Mas não me venham falar de empreendedorismo, esse novo conceito que inventaram para culpabilizar todos aqueles que não encontraram uma saída no mercado de trabalho. Temos de ser empreendedores. Temos de ser pró-activos. Temos de procurar, oferecer, trabalhar por menos, quem sabe - e muitos de nós estamos nessa situação - pagar para trabalhar.
Porque meus senhores, eu pago para trabalhar. Pago a segurança social, mesmo que ninguém tenha tido a decência de pagar a ultima factura enviada.
Pago o IVA dessa factura.
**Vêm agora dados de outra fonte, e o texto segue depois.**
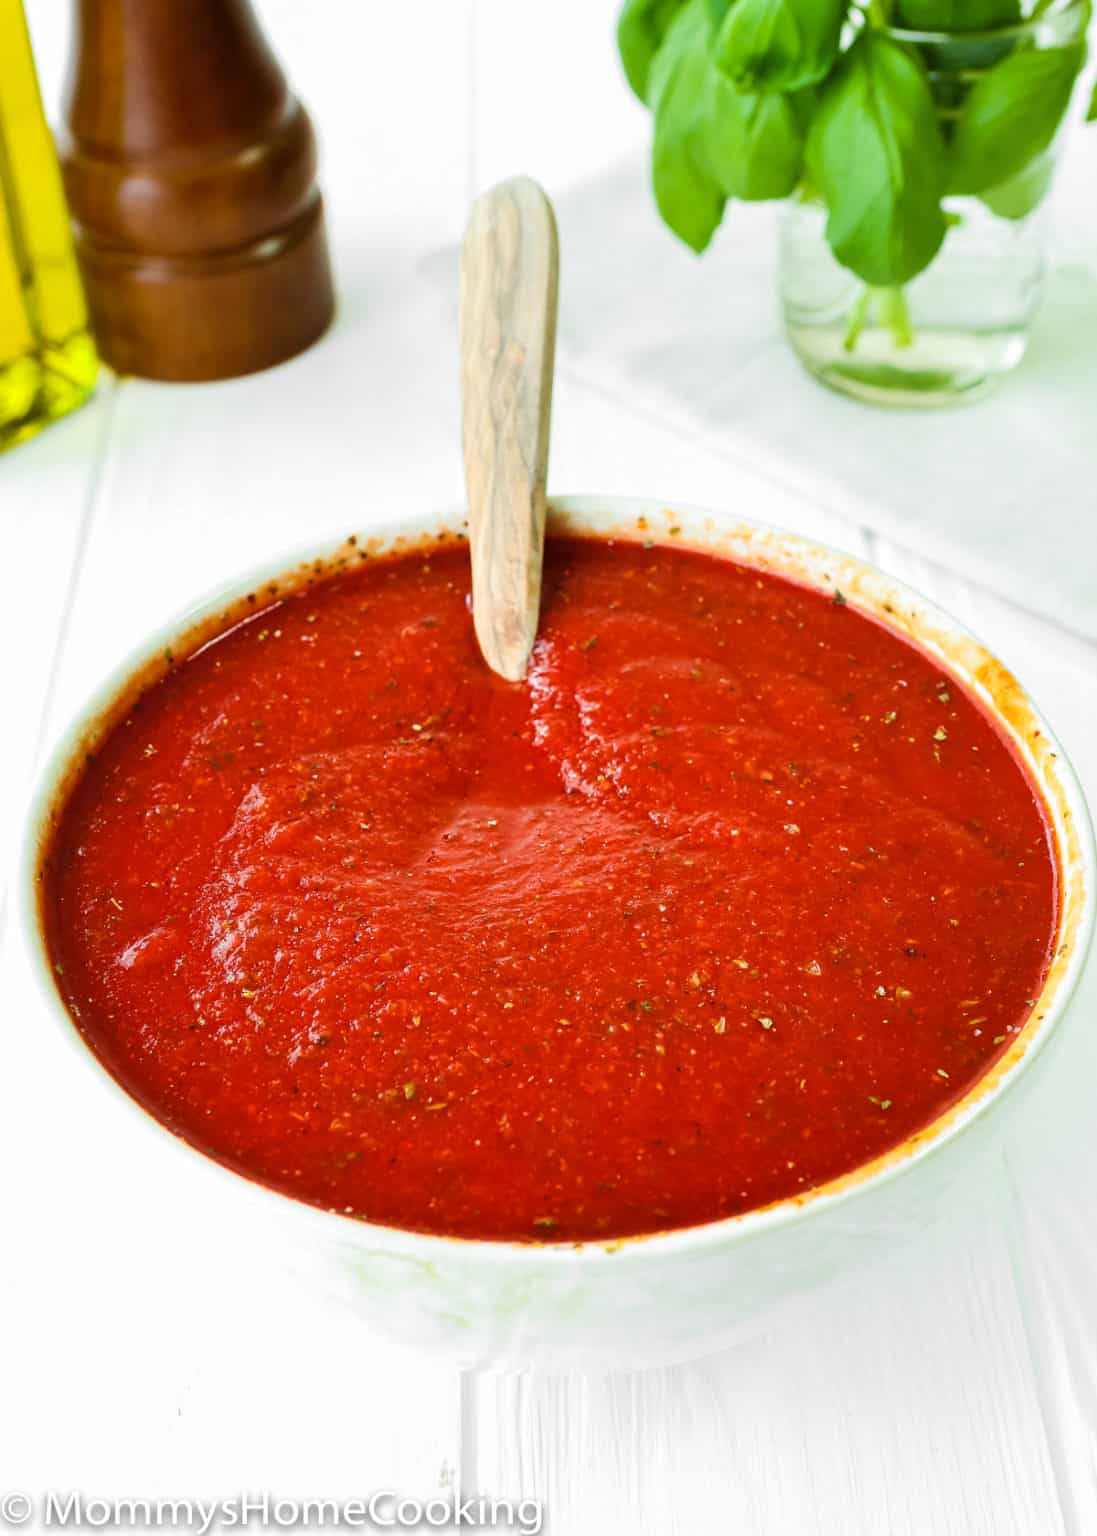 No-Cook Easy Pizza Tomato Sauce (5-min) - Mommy's Home Cooking

E se não o fizer no dia estipulado pago uma multa em cima.
Pago a luz, a Internet e a renda de um escritório, mesmo que não consiga encontrar trabalho para fazer.
Pago todos os dias o peso de ter sido empreendedora com os sonhos adiados, com a dependência dos pais, e com a frustração de não conseguir mais nem melhor, de falhar a cada dia que passa o objectivo de ser autónoma e financeiramente independente.
Algo está errado neste país. Não me venham dizer que é a Geração à Rasca que é mimada e não quer um trabalho mas sim um emprego…
Talvez seja a geração que sempre teve empregos em vez de trabalho que deva reavaliar as suas percepções do mundo, sair dos escritórios e ver o tanto de Portugal que há para ver, o tão grande potencial humano que é desperdiçado todos os dias, o tanto de terra que há para trabalhar. E tanta gente que só precisa de uma oportunidade.
1 comentário:
Minha querida, estou neste momento a aplaudir-te de pé!